Surprises to build

by Graziella Carbone

2006 – Second Trimester – the Flute-cards: communication, games and sharing
We were in 2006. Summer was coming and we needed a promotion that made the Friends of the Mill Milk, Ciock and Al even more known. An already successful idea was thus reprised and a new collection of Cards was created: the Flute-cards.
These were cards made of cardboard with rounded corners, which feature the three Friends of the Mill on the front. Depending on the main character, the colours they belong to were shown in turn: red for Ciock, the sportsman, green for Al, the nature lover, blue for Milk, the inventor. On the back there were a series of specially designed games, riddles and tests in line with the characteristics of the Friends of the Mill.
But they were not cards like the others: these were a patented product, created exclusively for this campaign – they featured applied tattoos, all different from each other, with an innovative removable glue system.
A complete promotional product: communication of the characters (with card numbering to entice you to collect all thirty of them), games (therefore intended to circulate among friends) and an entire page of tattoos to keep having fun.
Produced in more than five million copies, these cards made sure that the tattoos of Milk, Ciock and Al circulated on all the beaches of Italy and not only thanks to children, but also to many mothers …
The operation was completed by a series of games on the trays with the Friends of the Mill as protagonists. The Game Trays were modular, so that it was possible to switch – if in possession of several boards – from one game to another.

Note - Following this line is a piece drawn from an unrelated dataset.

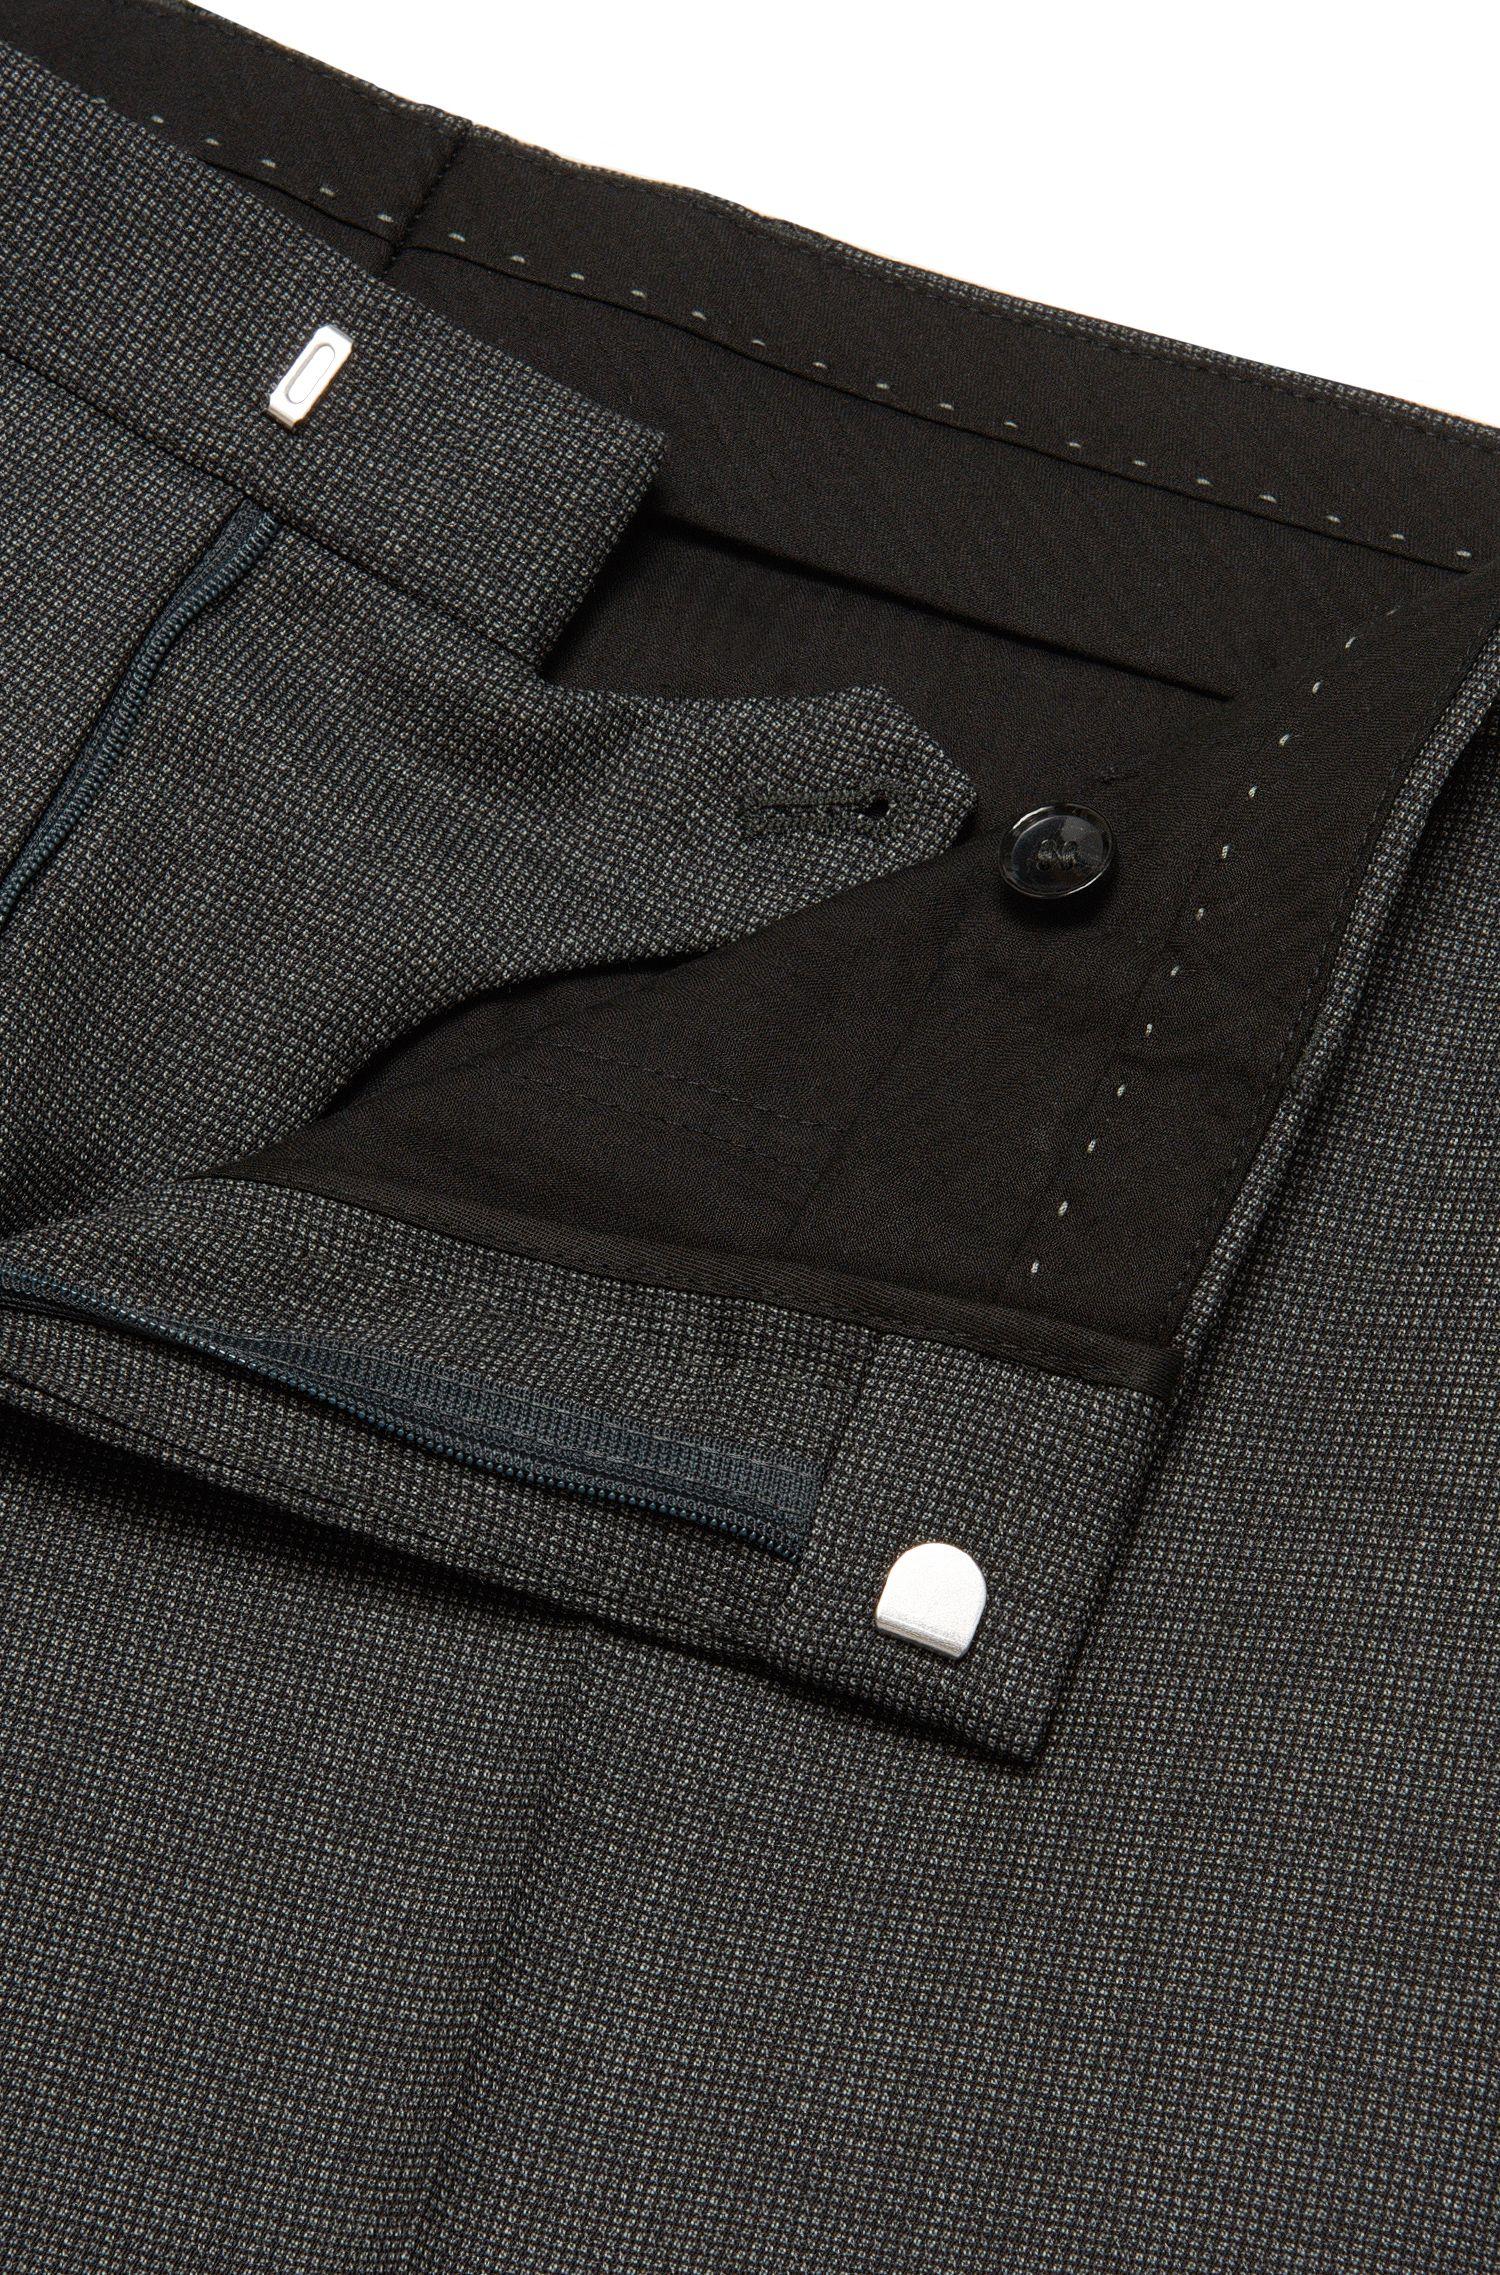 Gemusterte Slim-Fit Tailored Hose aus Schurwolle: 'T-Gleeve1'

2006 – Third Trimester the Create-and-Color of the Friends of the Mill
At the end of the summer (and of tattoos), here came, as a Back to School operation, a promotion characterized by a particular features: tray and surprise were inserted in the packs of Flutes were to be complementary parts. We called this: The Create-and-Colour of the Friends of the Mill.
We then studied and designed a series of objects to build, six in total. Part of the gadget, pencils, colors, plastic parts, was included in the package with the assembly instructions (in a box), while the cardboard part that would make the object functional had to be cut from the tray.
Thus the Big Pencil, the Palette, the Ruler compass, the Notepad with rings and different stencils for each of the three characters were created.
Each object in this series was a true work of engineering. The functionality of the object depended on the precision of the realization and therefore every detail had to be perfect.
The Big Pencil was designed with a “body” of printed cardboard that had to wrap the pencil and the triangular plastic support; the cardboard palette-protractor was completed by pads of watercolour colours (referring to one of the three characters); the notepads with plastic rings were enriched by a rigid plastic stencil with the subject of Milk, Ciock and Al. From the trays, useful school cards were obtained, such as multiplication tables, geometric and colour composition tables.
And to complete the series, there was a compass-ruler. And since there was space on one side of the tray left over, I also put a bookmark on it.
The nice thing was that these objects really worked and the children, helped by an adult, could build them step by step, having a lot of fun (many dads wrote complimenting the initiative).
The in-store operation offered a shoulder bag, a play mat and a slate. The play mat had a spinning die that indicated how many steps and on what colour to move. It was a very nice game. I had a lot of fun complicating the rules of the game … but the children (and not just the children) had a lot of fun challenging their friends. The blackboard (this gadget was patented as well) had the central part printed with a special black ink that allowed you to write and erase with the white chalk – supplied – just like on the school blackboard. Complete with double-sided tape, it could be glued to any surface.